● Prompt: The line with "データ彼味わうLamdooキ" marks the first line to copy, and the line with "Sammeln von Kleidung" marks the last. Transcribe that stretch of the data below exactly, without pictures.

● Provided entries:
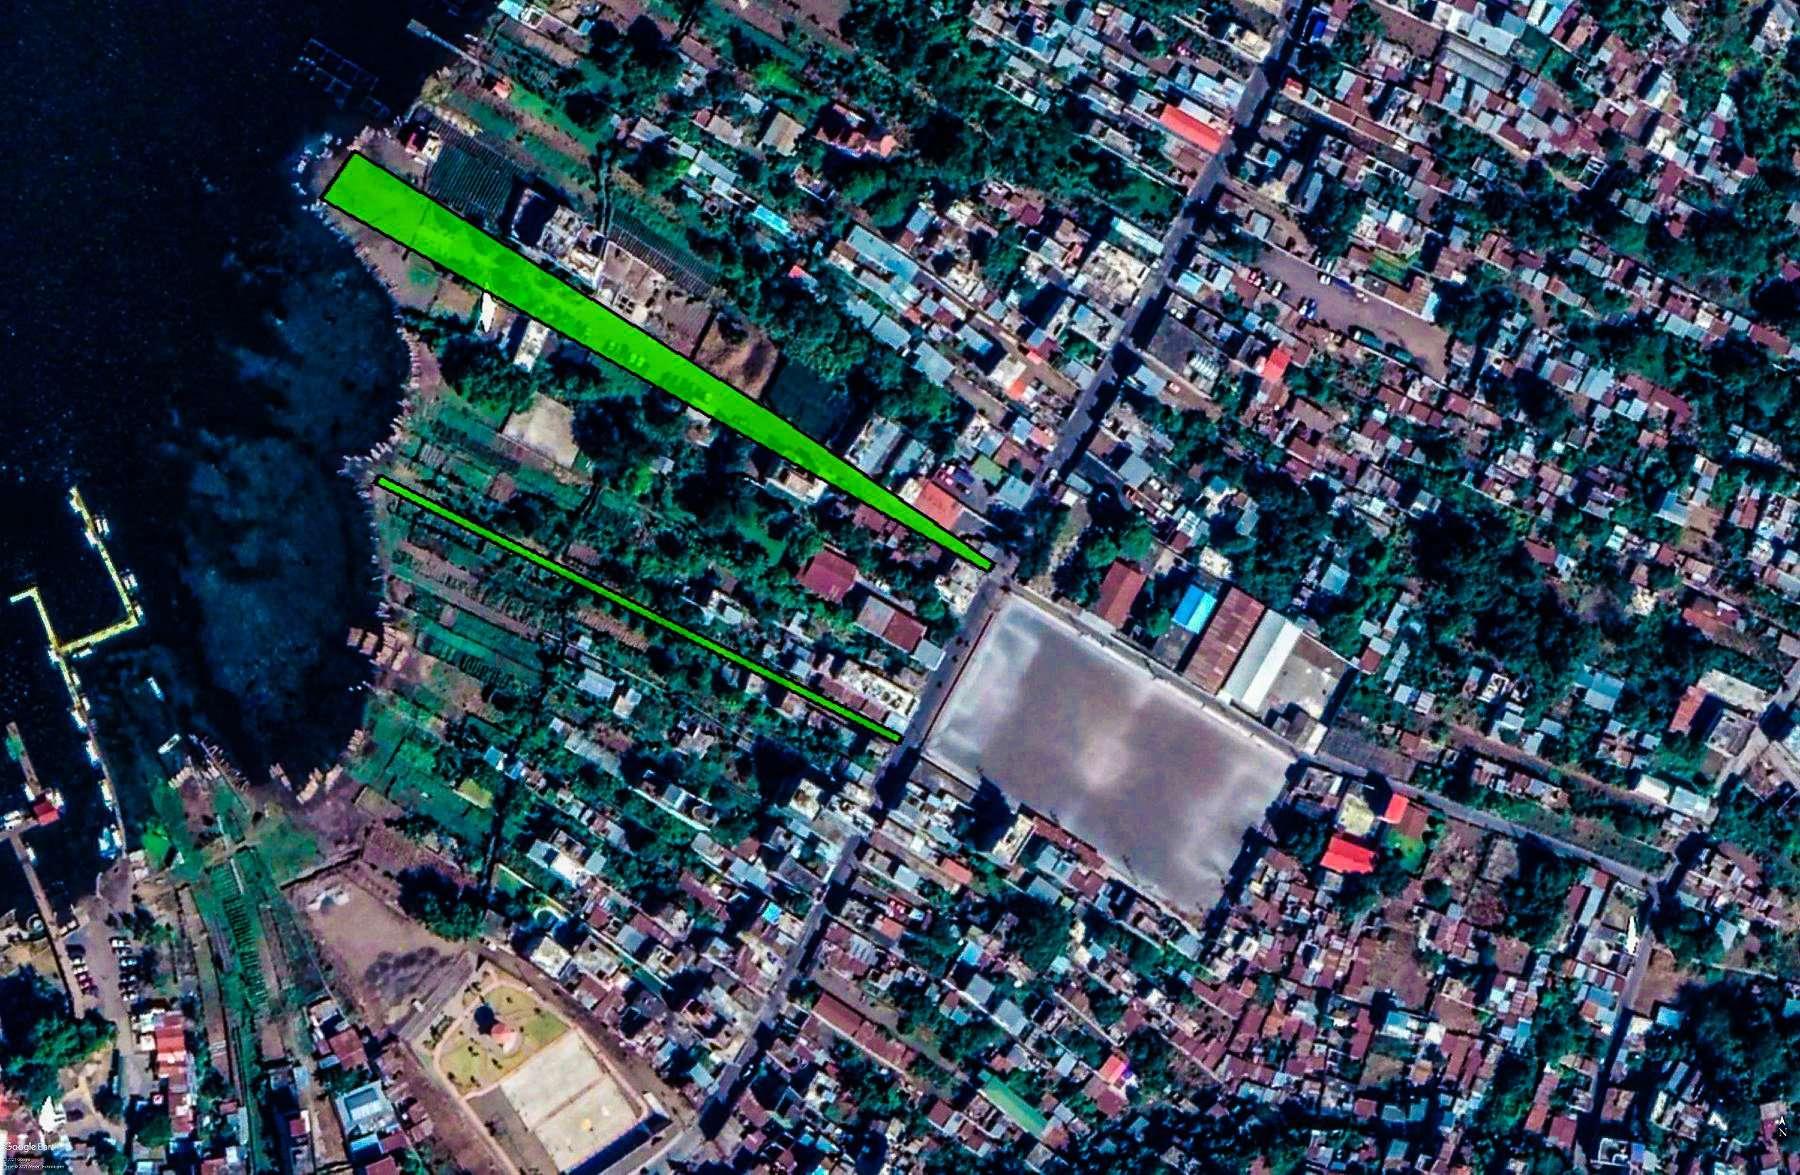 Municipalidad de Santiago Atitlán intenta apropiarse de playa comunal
--
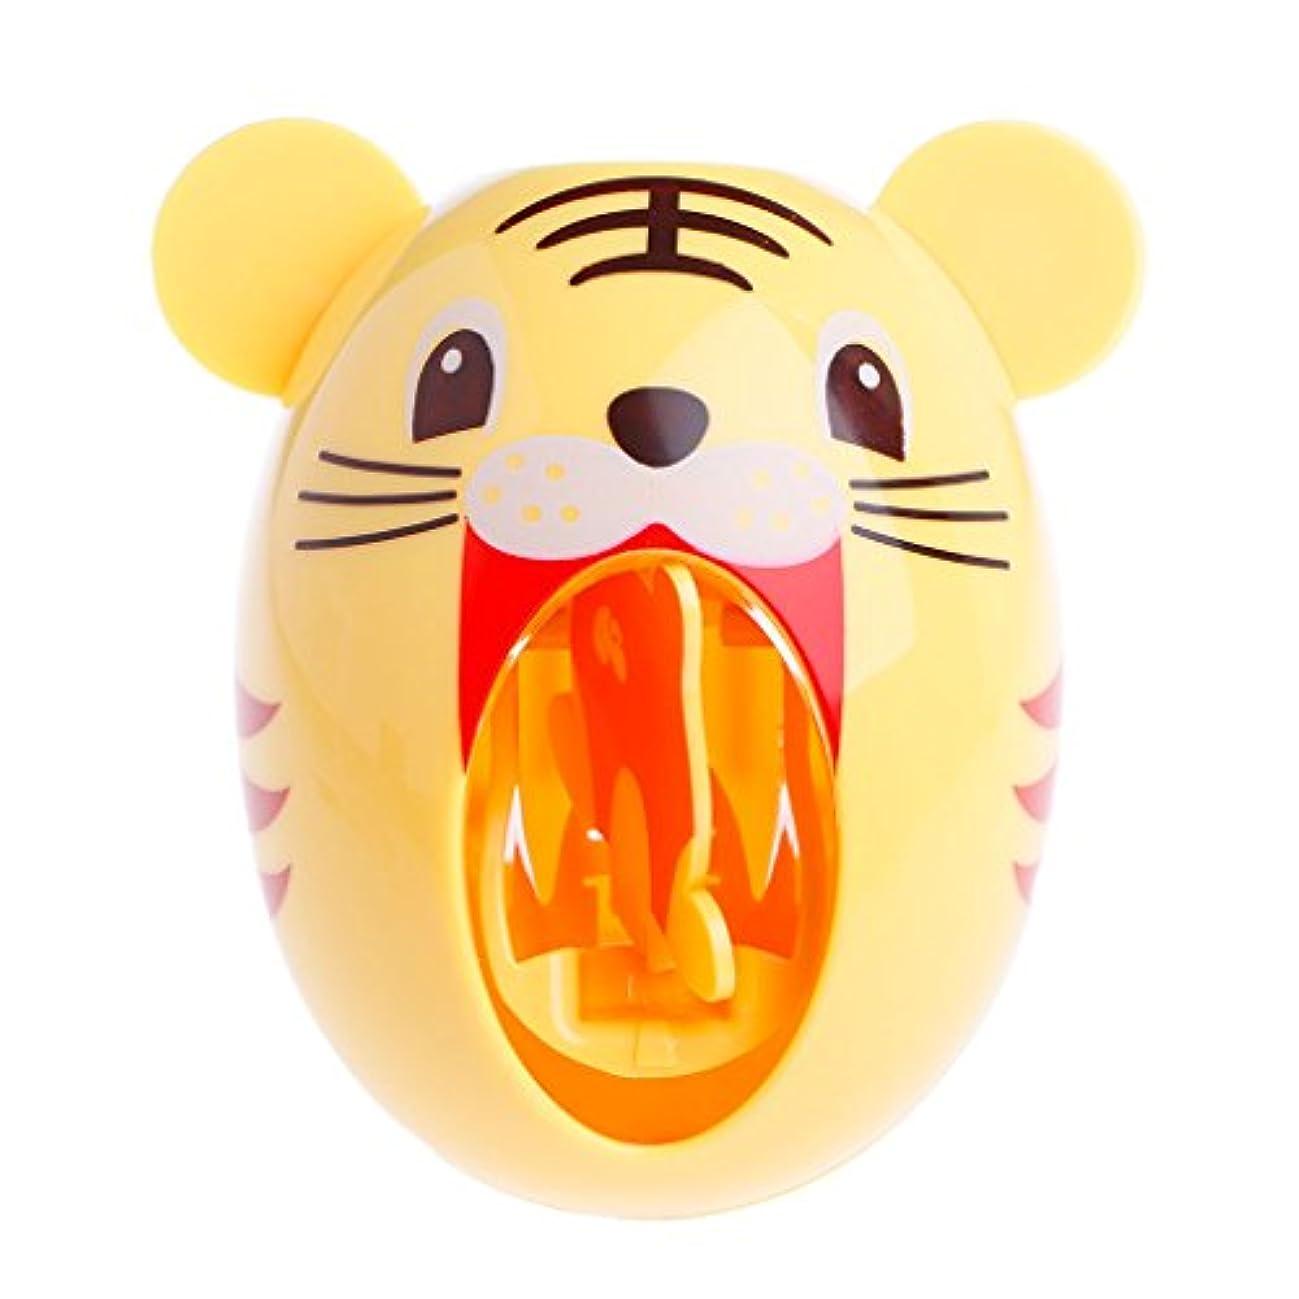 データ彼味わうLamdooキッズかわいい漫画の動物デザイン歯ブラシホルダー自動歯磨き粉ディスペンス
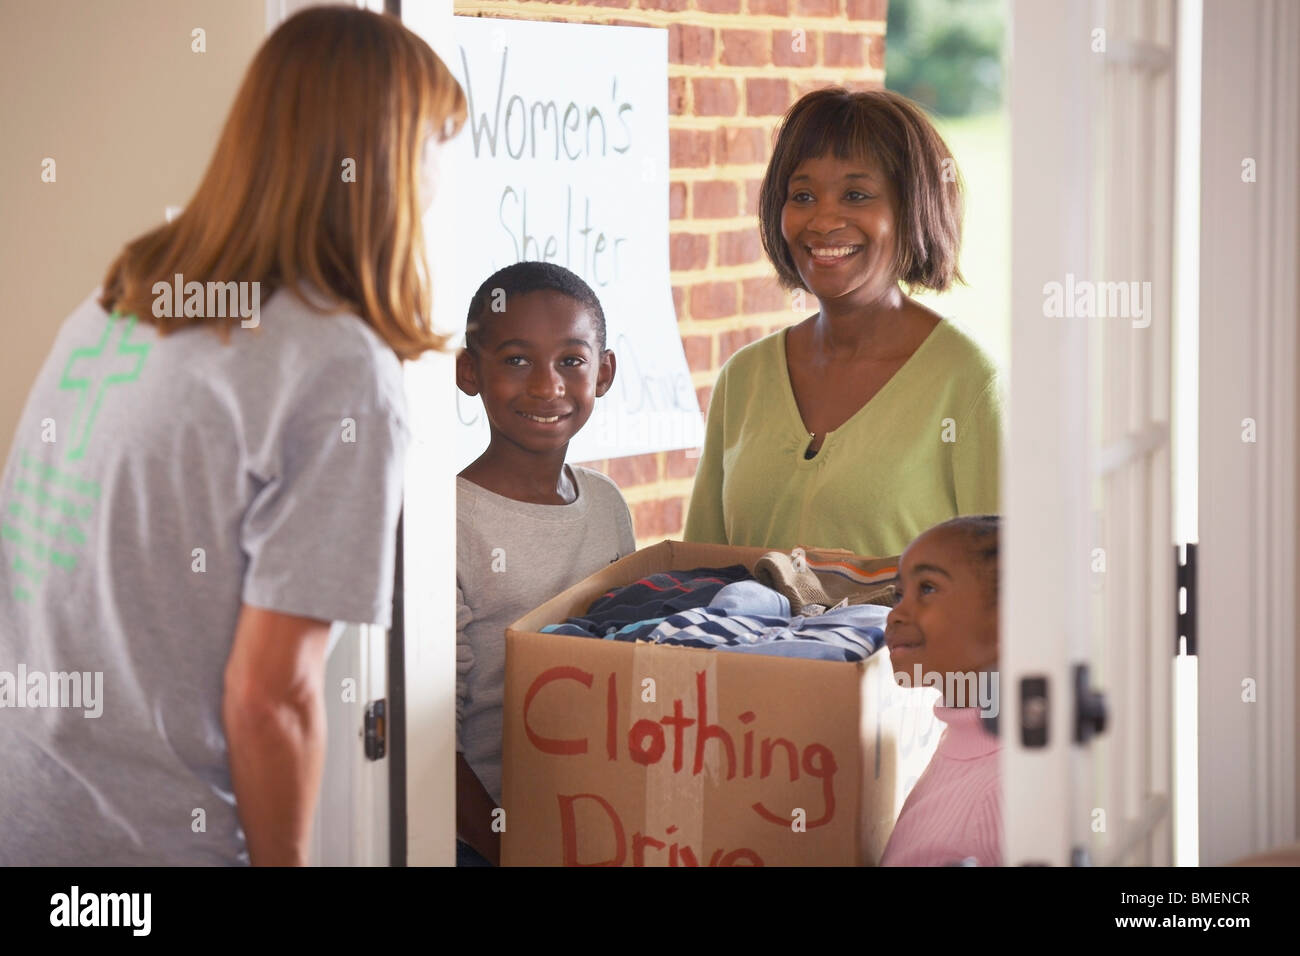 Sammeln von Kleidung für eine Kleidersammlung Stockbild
...
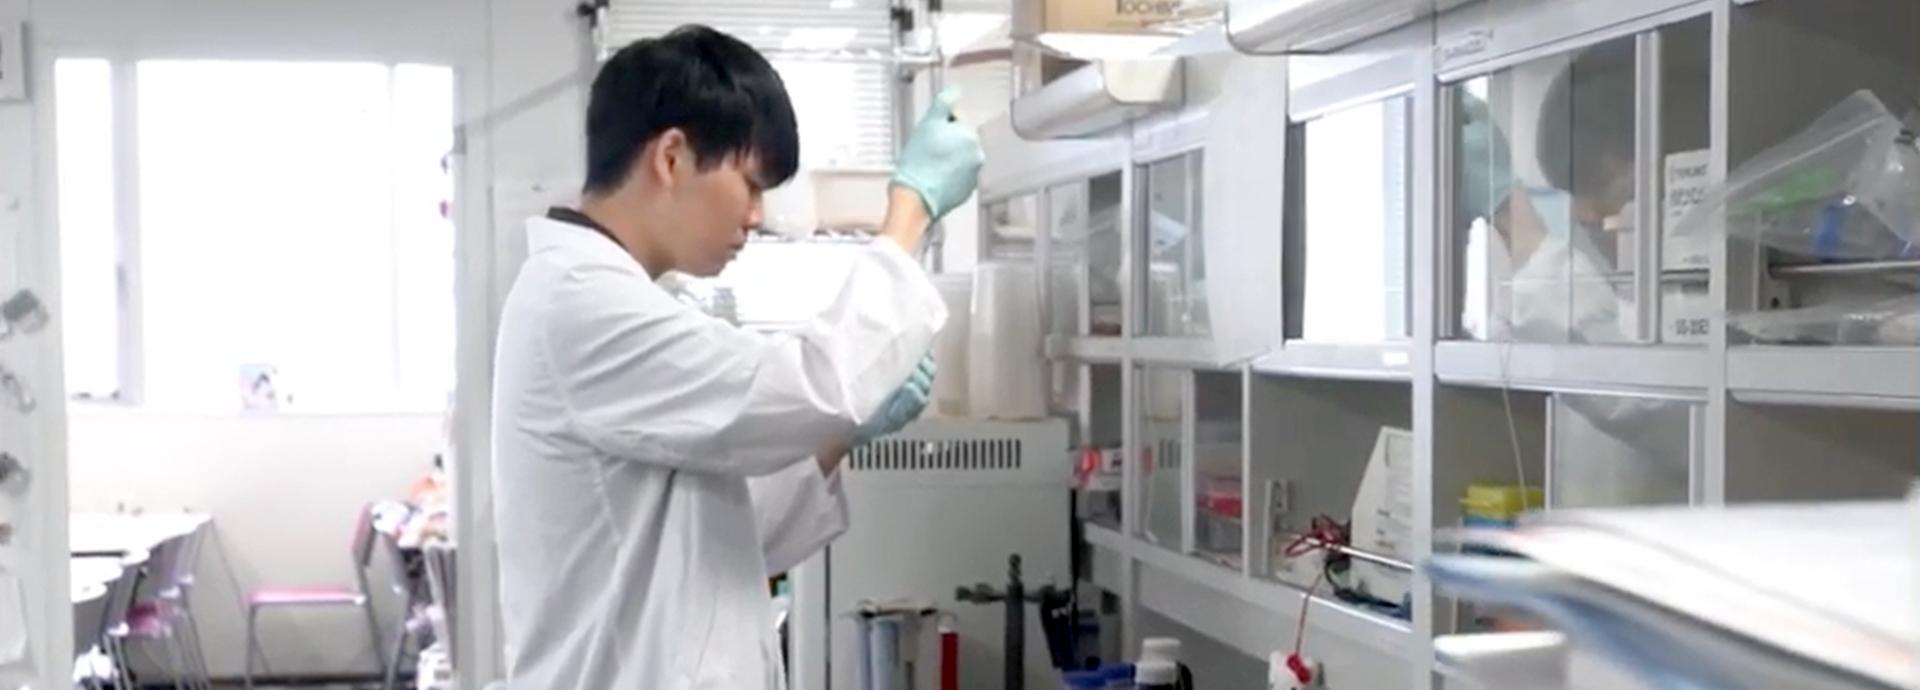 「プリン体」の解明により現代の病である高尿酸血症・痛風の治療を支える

● Your response:
 データ彼味わうLamdooキッズかわいい漫画の動物デザイン歯ブラシホルダー自動歯磨き粉ディスペンス
 Sammeln von Kleidung für eine Kleidersammlung Stockbild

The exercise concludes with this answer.